= Affiliative conflict theory =

Affiliative conflict theory (ACT) is a social psychological approach that encompasses interpersonal communication and has a background in nonverbal communication. This theory postulates that "people have competing needs or desires for intimacy and autonomy" (Burgoon, p. 30). In any relationship, people will negotiate and try to rationalize why they are acting the way they are in order (approach and avoidance) to maintain a comfortable level of intimacy.

==History==

Affiliative conflict theory (ACT), also referred to as equilibrium theory or model, was first introduced in the 1960s by Michael Argyle. His article "Eye Contact, Distance and Affiliation", co-authored with Janet Dean was published in Sociometry in 1965, and has been used greatly as the base line for ACT. Michael Argyle had a long distinguished career in which he advanced the field of social psychology. His work on nonverbal communication greatly developed this theory and his book The Psychology of Interpersonal Behavior became an international bestseller in 1967. Argyle's curiosity regarding if social skills were learned in the same way as manual skills led him to research interpersonal behavior.

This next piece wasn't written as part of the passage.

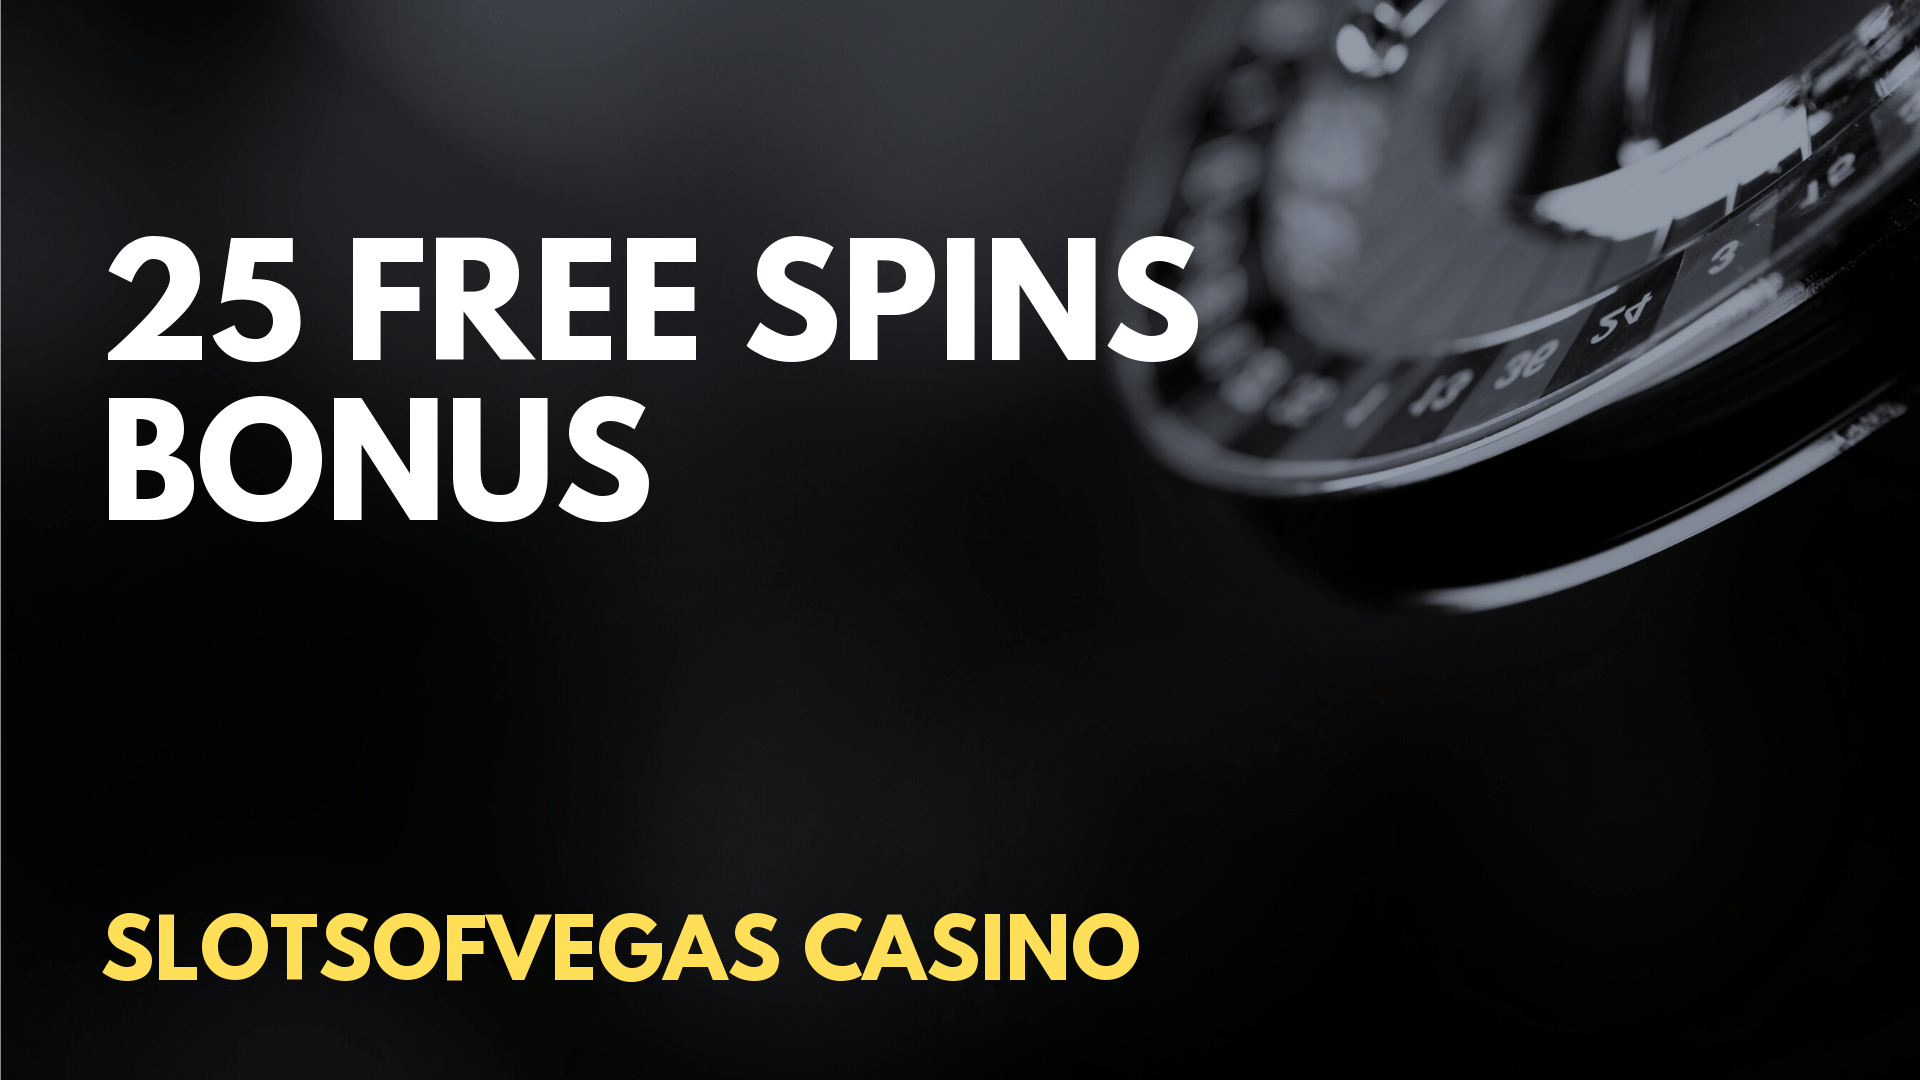 no deposit online casino free spins

Throughout his life's work he had various associates (Argyle & Dean, 1965; Argyle & Lalljee & Cook, 1968, Argyle & Ingham, 1972; Argyle & Ingham, Alkema & McCallin, 1972); all of which worked to validate the theory through their focus on the relationship between visual behavior (nonverbal behavior) and interpersonal distance (Coutts, pg. 3). Visual behavior research studies deal with influence, and with attributions made by observers. This reflects psychological research on nonverbal cues.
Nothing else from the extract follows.